Если начинать новую жизнь, то по-настоящему с чистого листа.
* * *
Вадим
Смотрю на перекошенное ненавистью лицо Арины, слушаю её агрессивные вопли и вижу своё отражение. Пусть я не оскорблял Зою, но повёл себя ничуть не лучше, а намного хуже…
Хочется выскочить вслед за девушкой, догнать и извиниться. Но вместо этого приходится успокаивать и проводить воспитательную беседу с сестрой. Ругаю и убеждаю не только её, но и себя.

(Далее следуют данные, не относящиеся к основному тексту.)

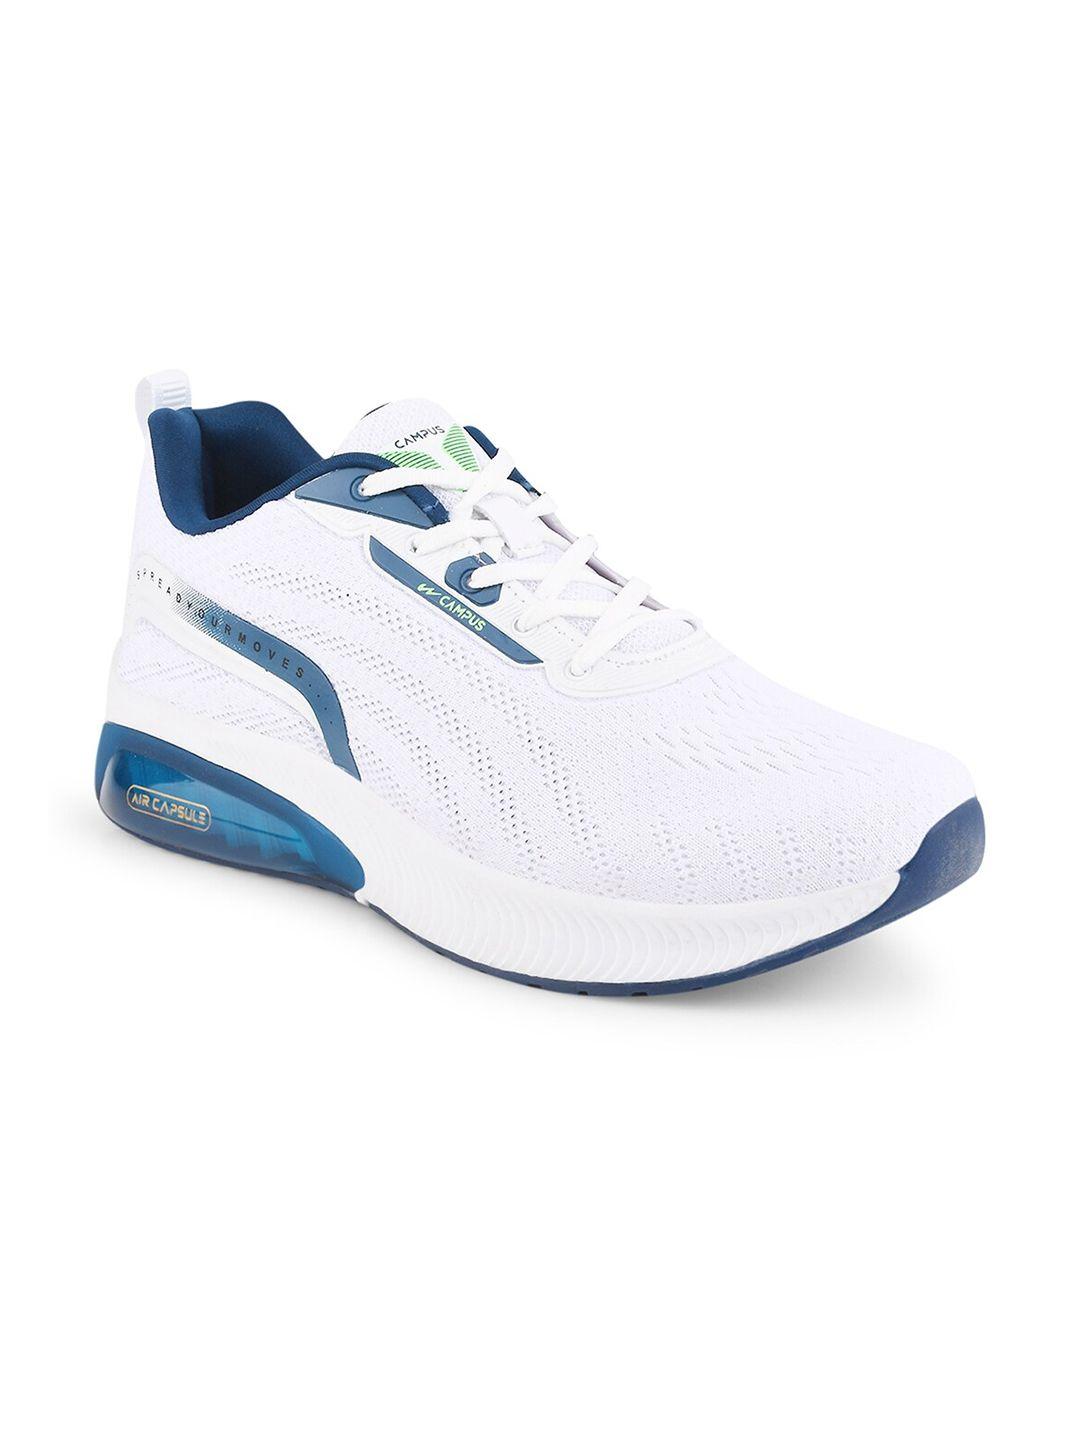 campus men boundary mesh non-marking running sports shoes

Почему из всех женщин мира на месте Зои оказалась дочь Мезецкого? Более того, именно та из его дочерей, с которой у меня упорно ассоциируется день похорон, визит к убийце мамы и последующее избиение охранниками…
Во мне будто живут два человека. Один без ума от девушки, а второй не даёт забыть, что она – Мезецкая…
В течение дня несколько раз набираю номер Зои, но она не отвечает. Это понятно – она обиделась и не хочет меня слышать. Чем больше проходит времени, тем более отвратительным себе я кажусь. Я понимаю, почему повёл себя так, но это никоим образом меня не оправдывает. Тем более, что нет гарантии, что это не повторится. Вернее, не повторилось бы, если бы гипотетически мы продолжили близкое общение.
После работы еду к Зое домой. Нельзя исключать, что она меня выставит за дверь. Но я хотя бы попытаюсь попросить прощения. На днях я уеду. И мне не хотелось бы остаться в её памяти таким же уродом как Орлов.
Я долго звоню, но двери мне никто не открывает. Приходится отдать букет и конфеты бабульке возле подъезда…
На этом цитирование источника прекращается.